Non-steroidal anti-inflammatory drugs (excluding acetylsalicylic acid) increase the risk of seizures.

Fluoroquinolones form chelate compounds with magnesium and aluminum ions of the didanosine drug form buffer system, which sharply reduces the absorption of antibiotics, so Ciprofloxacin is taken 2 hours before taking didanosine or 2 hours after taking the specified drug.

Metoclopramide accelerates absorption, leading to a reduction in the time to reach its maximum concentration.

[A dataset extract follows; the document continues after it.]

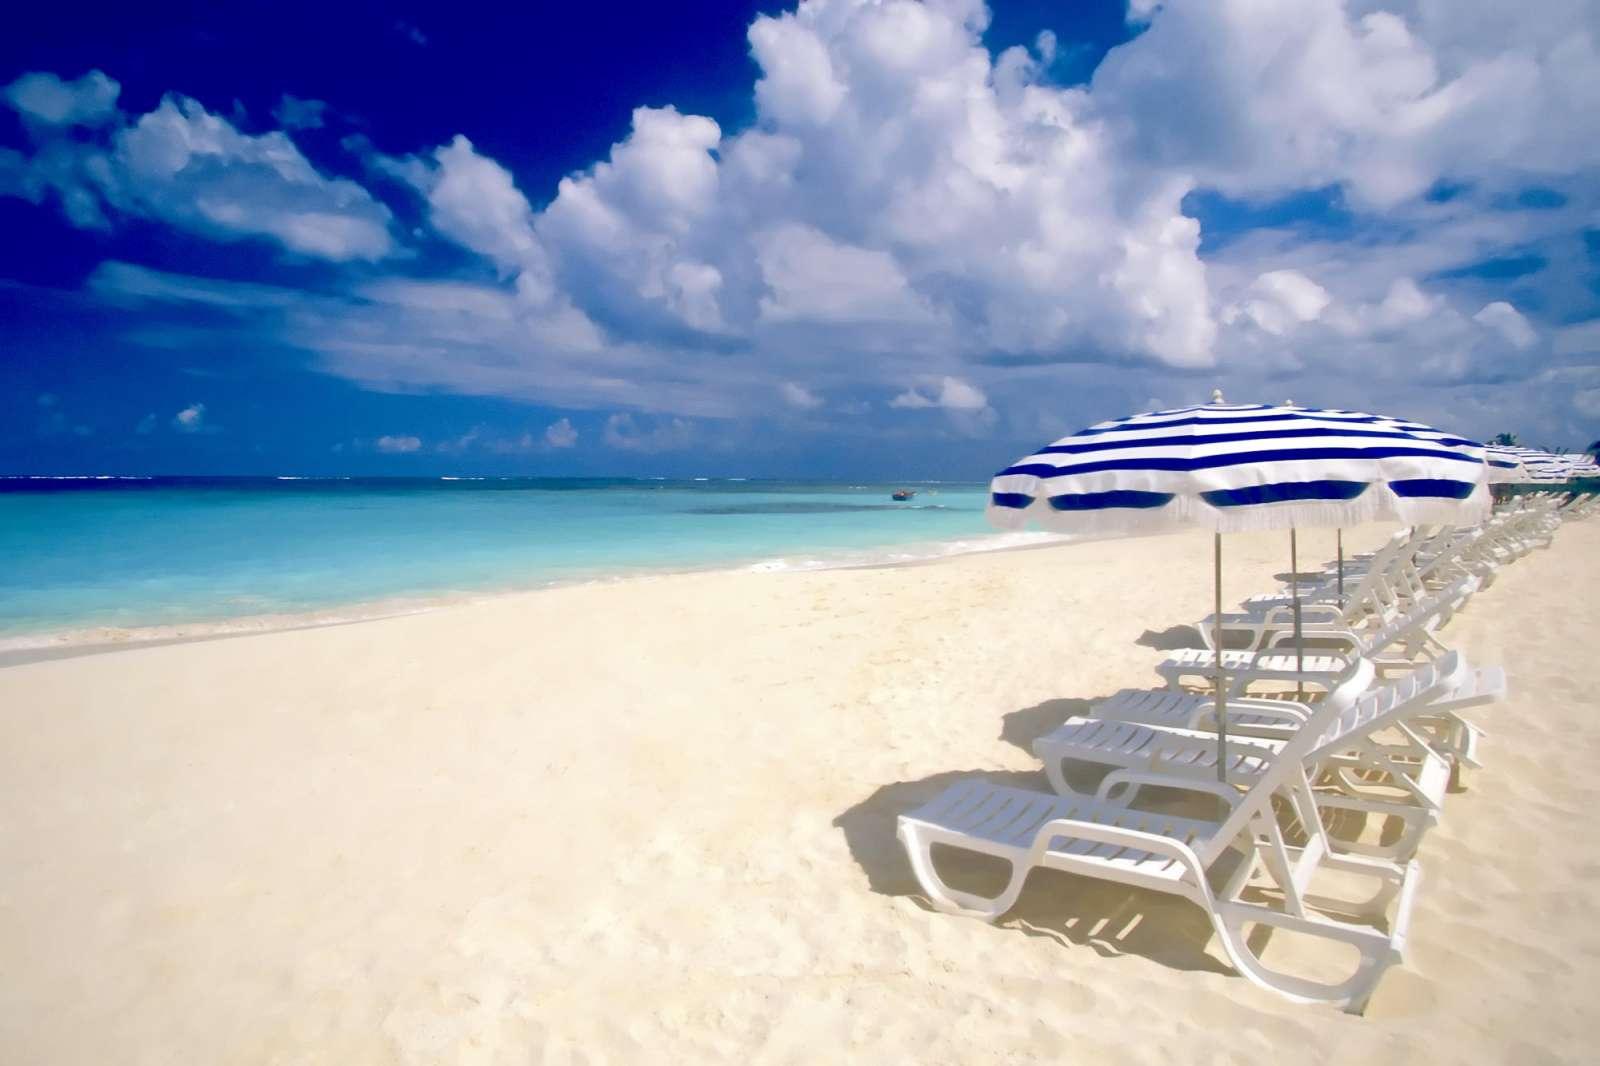 Scenes Wallpapers   Download Shoal Bay Beach Anguilla Wallpapers 1600x1066

Concomitant use of uricosuric drugs leads to a slowdown in excretion (up to 50%) and an increase in the plasma concentration of ciprofloxacin.

It increases the maximum concentration of tizanidine by 7 times (from 4 to 21 times) and the area under the concentration-time curve by 10 times (from 6 to 24 times), which increases the risk of pronounced arterial hypotension and drowsiness.

Storage Conditions

In a dry place protected from light at a temperature not exceeding 25°C (77°F). Keep out of reach of children.

Shelf Life

The shelf life is 2 years. Do not use after the expiration date.

Dispensing Status

The drug is dispensed by prescription.

Important Safety Information

This information is for educational purposes only and does not replace professional medical advice. Always consult your doctor before use. Dosage and side effects may vary. Use only as prescribed.